Limit + Derivatives

[funnytim]

Hey everyone,

I have some questions on finding the limits:


(31)
lim (x-4)
x->4 (square root x) -2

i started off by squaring the numerator + denominator, resulting in:
x^2-8x+16
x-4(square root x) + 4

But now what can i do? If I plug in x =4 into the eqn, it is undefined which isn't the answer (ans=4)


(27)
In the below question I'm supposed to use the 'squeeze law of limits to find the limits'. But I don't understand exactly how to use it
lim x^2 cos (1 / (cube root x)
x->0
Ans = 0


How can I find out whether the limit's discontinuity is removable or not? eg,
x-17
[abs(x-17)]


Lastly, I sort of blanked out, how do you find the derivative of a root, or fraction? Egs:
Find f ' (x) of (square root 2x+1) , x / (1-2x)


Thanks everyone!

 

[galactus]

Hey everyone,

I have some questions on finding the limits:

(31)
lim (x-4)
x->4 (square root x) -2

i started off by squaring the numerator + denominator, resulting in:
x^2-8x+16
x-4(square root x) + 4

But now what can i do?
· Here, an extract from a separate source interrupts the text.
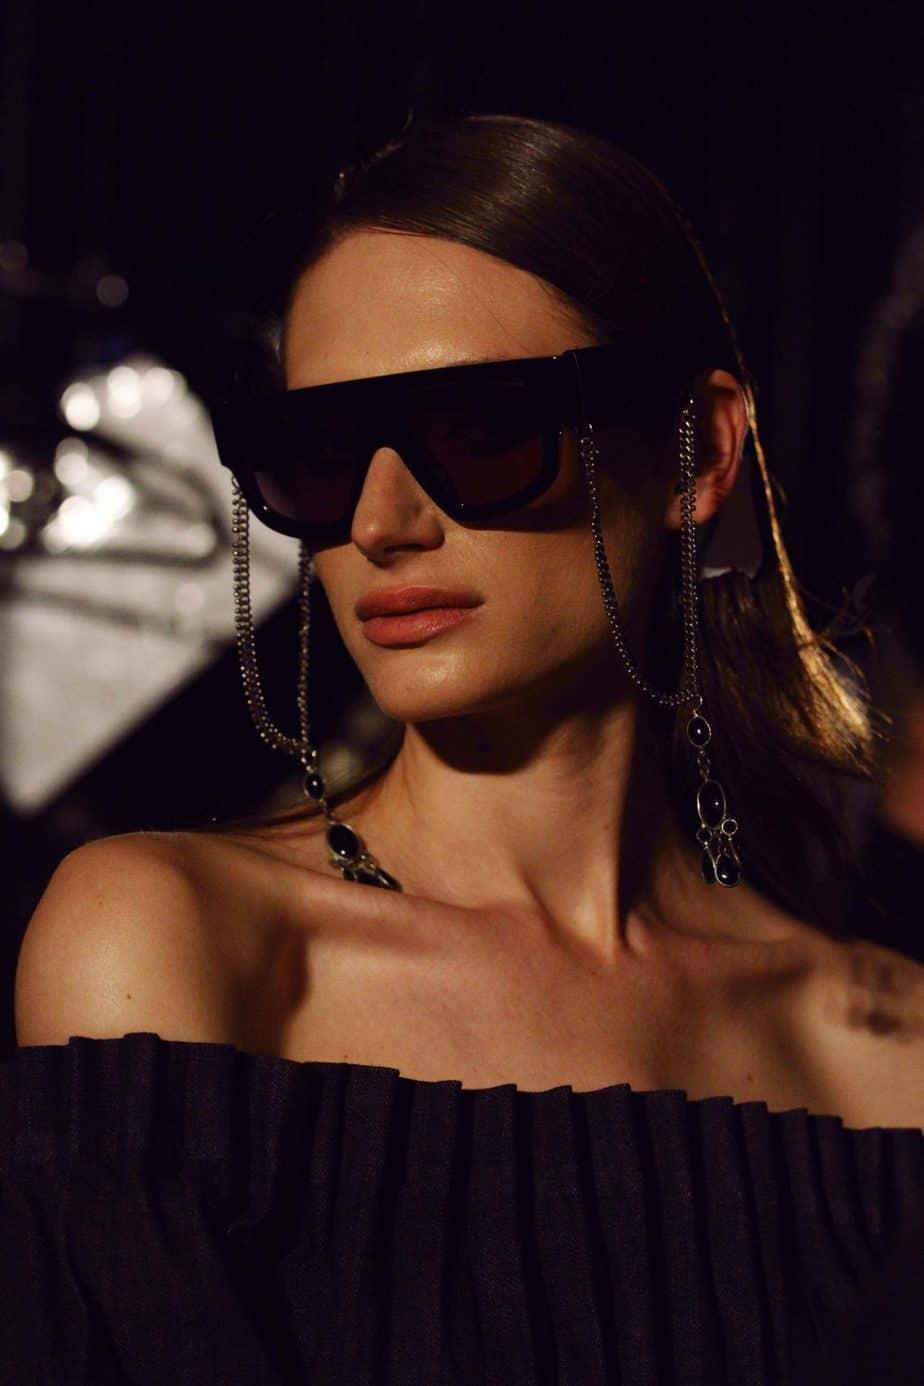 תצוגת משכית, קולקציית משכית, שבוע אופנה תל אביב 2019. צילום עומר רביבי - 116

If I plug in x =4 into the eqn, it is undefined which isn't the answer (ans=4)

Just use a little algebra(long division) and it whittles down to \(\displaystyle \sqrt{x}+2\). Now, plug in x=4 and we get 4 as the limit.

 

[BigGlenntheHeavy]

How can I find out whether the limit's discontinuity is removable or not? eg,
x-17
[abs(x-17)]


\(\displaystyle Hint: \ \lim_ {x\to17^{-}}\frac{x-17}{|x-17|}} \ = \ -1 \ and \ \lim_{x\to17^{+}}\frac{x-17}{|x-17|} \ = \ 1\)

\(\displaystyle Does \ that \ tell \ you \ anything?\)

\(\displaystyle One \ can \ remove \ a \ point, \ but \ a \ gaping \ gash, \ I \ don't \ think \ so.\)

 

[funnytim]

Hey everyone,

I have some questions on finding the limits:

(31)
lim (x-4)
x->4 (square root x) -2

i started off by squaring the numerator + denominator, resulting in:
x^2-8x+16
x-4(square root x) + 4

But now what can i do? If I plug in x =4 into the eqn, it is undefined which isn't the answer (ans=4)

Just use a little algebra(long division) and it whittles down to \(\displaystyle \sqrt{x}+2\). Now, plug in x=4 and we get 4 as the limit.

As in, do long division on:
x^2-8x+16
x-4(square root x) + 4 ?

How can I find out whether the limit's discontinuity is removable or not? eg,
x-17
[abs(x-17)]


\(\displaystyle Hint: \ \lim_ {x\to17^{-}}\frac{x-17}{|x-17|}} \ = \ -1 \ and \ \lim_{x\to17^{+}}\frac{x-17}{|x-17|} \ = \ 1\)

\(\displaystyle Does \ that \ tell \ you \ anything?\)

\(\displaystyle One \ can \ remove \ a \ point, \ but \ a \ gaping \ gash, \ I \ don't \ think \ so.\)

So in the two limit eq'ns, I 'plug in' x = 17 and x=-17 to find that the two limits don't equal each other, so its non-removable?


Thanks again!